A Framework for Evaluating the Efficacy of Foundation Embedding Models in Healthcare

Sonnet Xu,Haiwen Gui,Veronica Rotemberg,Tongzhou Wang,Yiqun T. Chen,Roxana Daneshjou
DOI: https://doi.org/10.1101/2024.04.17.24305983
2024-04-19
Abstract:Recent interest has surged in building large-scale foundation models for medical applications. In this paper, we propose a general framework for evaluating the efficacy of these foundation models in medicine, suggesting that they should be assessed across three dimensions: general performance, bias/fairness, and the influence of confounders. Utilizing Google’s recently released dermatology embedding model and lesion diagnostics as examples, we demonstrate that: 1) dermatology foundation models surpass state-of-the-art classification accuracy; 2) general-purpose CLIP models encode features informative for medical applications and should be more broadly considered as a baseline; 3) skin tone is a key differentiator for performance, and the potential bias associated with it needs to be quantified, monitored, and communicated; and 4) image quality significantly impacts model performance, necessitating that evaluation results across different datasets control for this variable. Our findings provide a nuanced view of the utility and limitations of large-scale foundation models for medical AI.
Health Informatics
What problem does this paper attempt to address?

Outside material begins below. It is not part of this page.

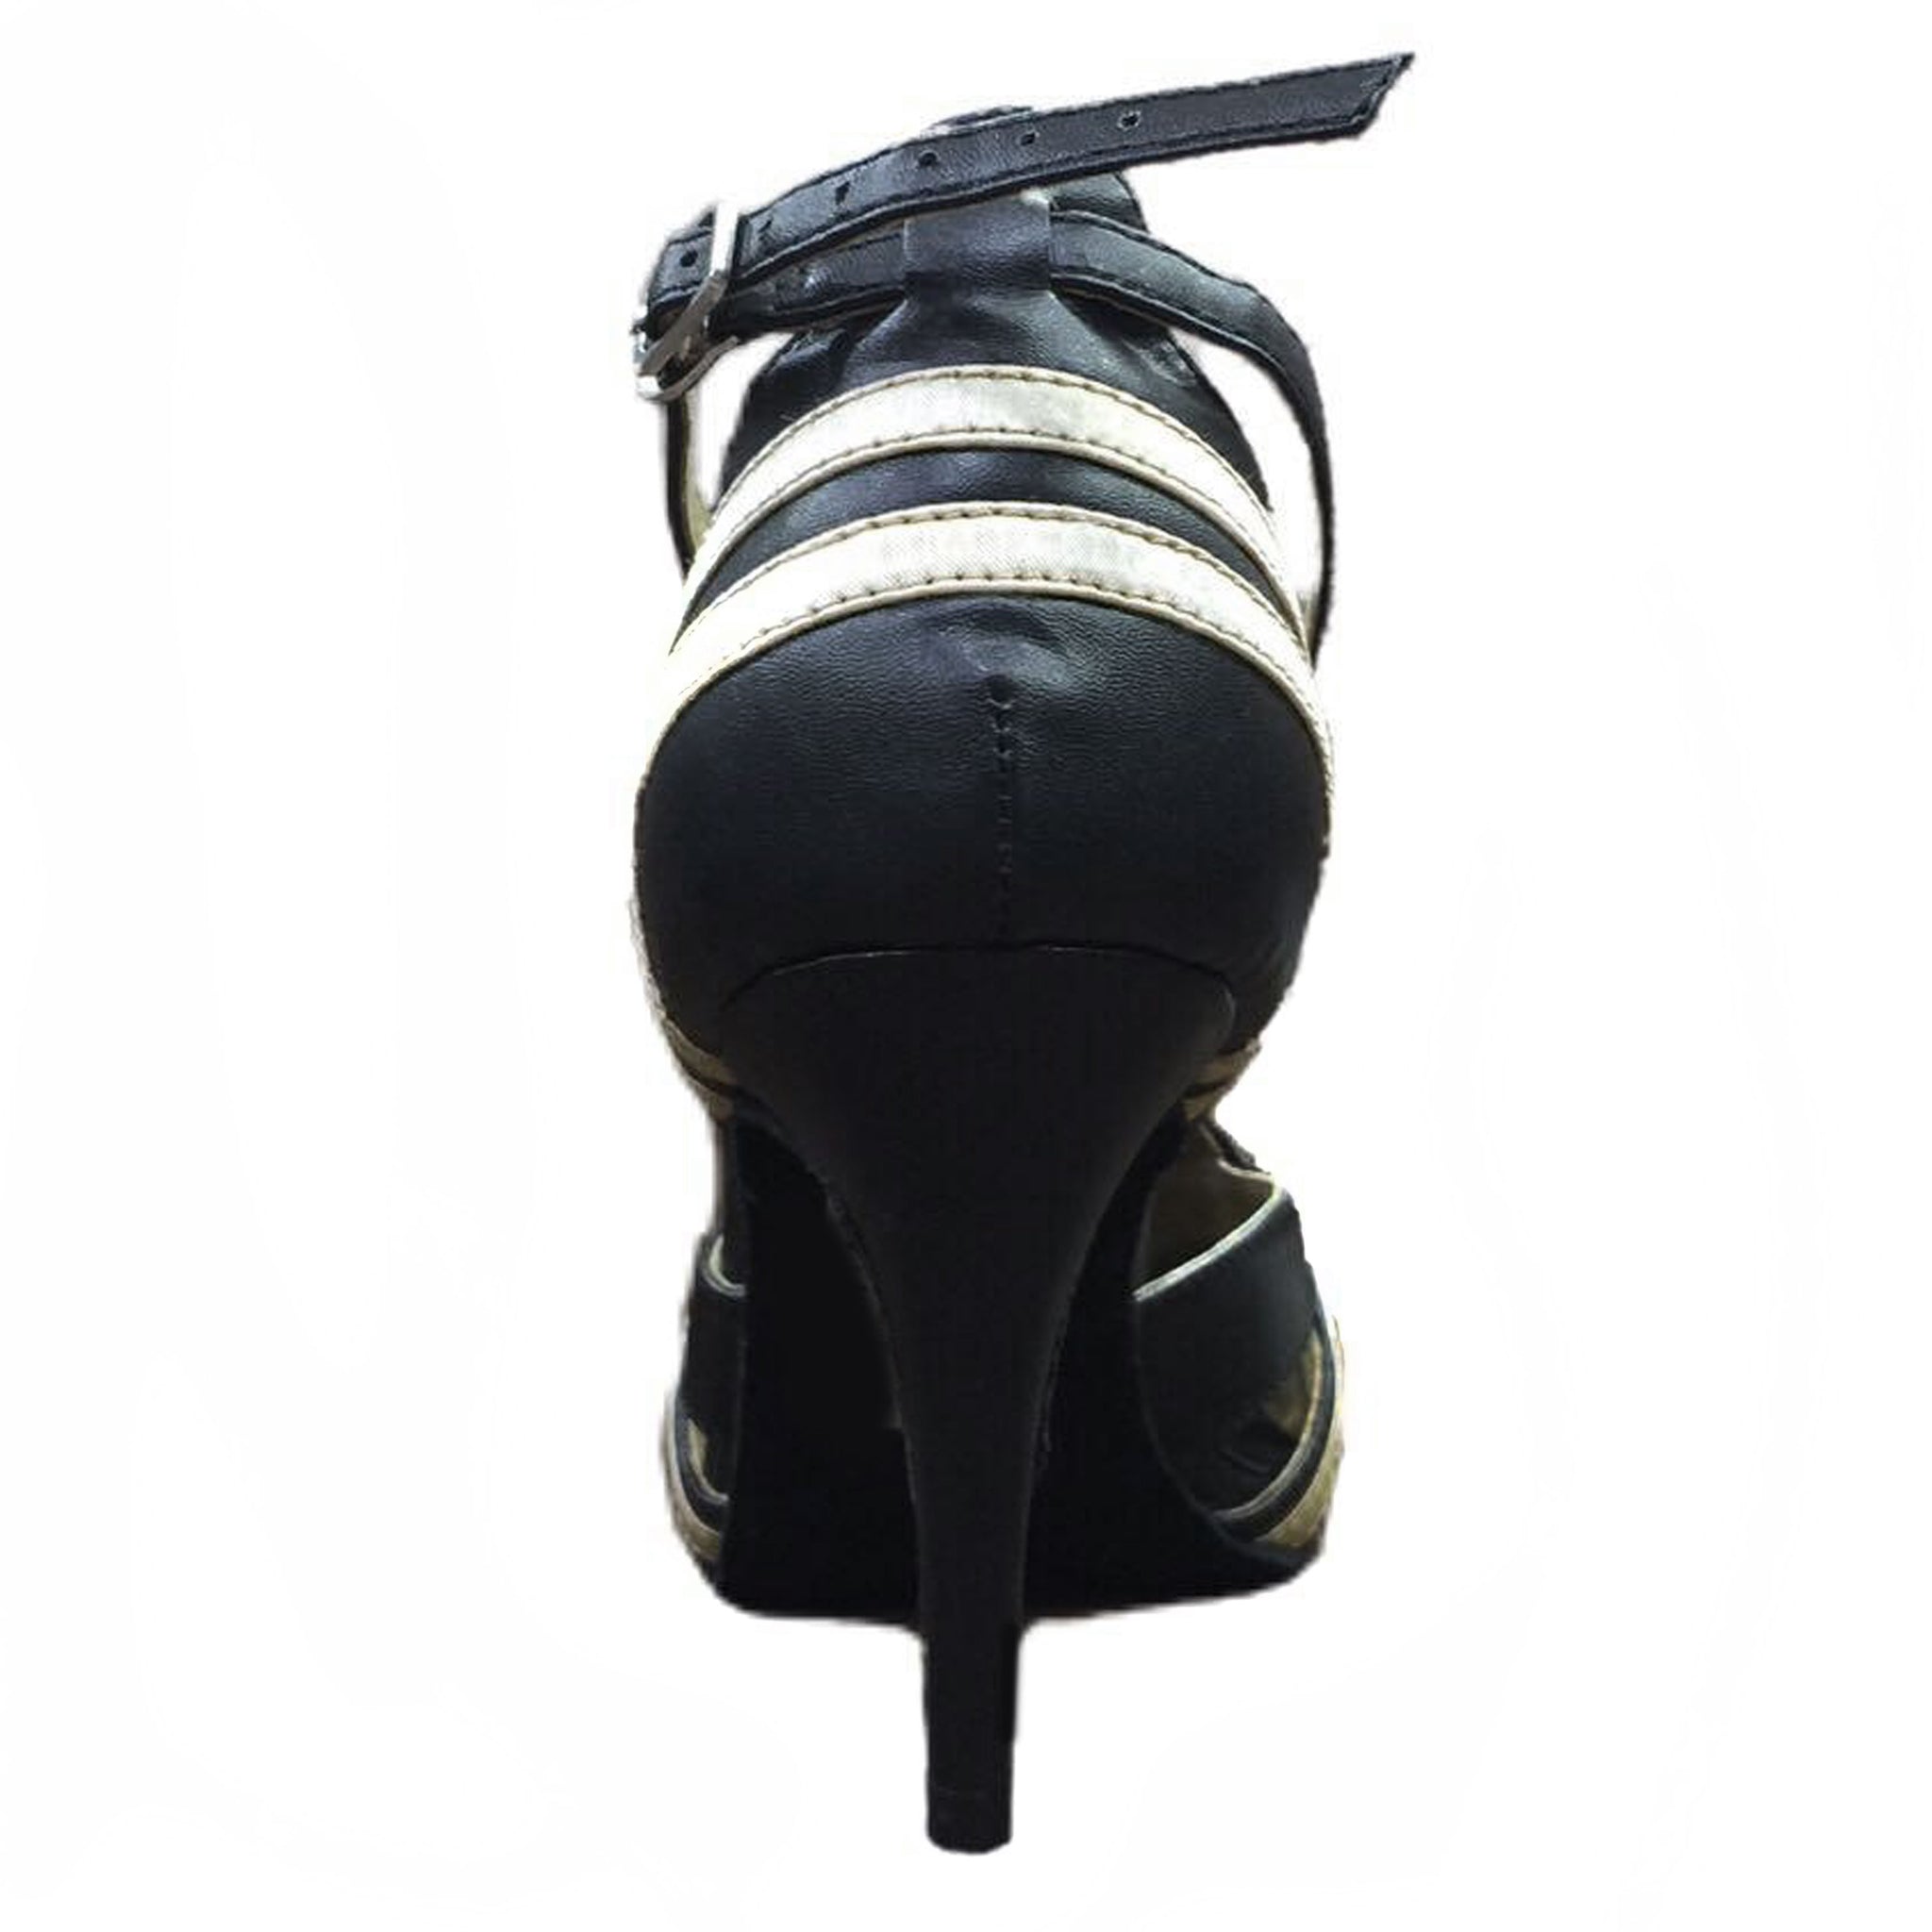 Help Me Dance Dancing Shoe Latin/Salsa Dace Shoes for Ladies Leather Female - KVE-30061N - Simpal Boutique

This paper proposes a framework for evaluating the effectiveness of foundational embedding models in the medical field. The study focuses on three dimensions: general performance, bias/fairness, and the impact of confounding factors. Using the recently released Google dermatology embedding model and dermatological diagnosis as an example, the paper demonstrates the potential of large-scale foundational models in improving classification accuracy, serving as a general model, performance differences related to skin tone, and the influence of image quality on model performance. The paper emphasizes the need to quantify and monitor potential biases related to skin color and control for image quality variables in different datasets. The research results provide a deep understanding and awareness of the limitations of large-scale foundational models in the application of medical AI.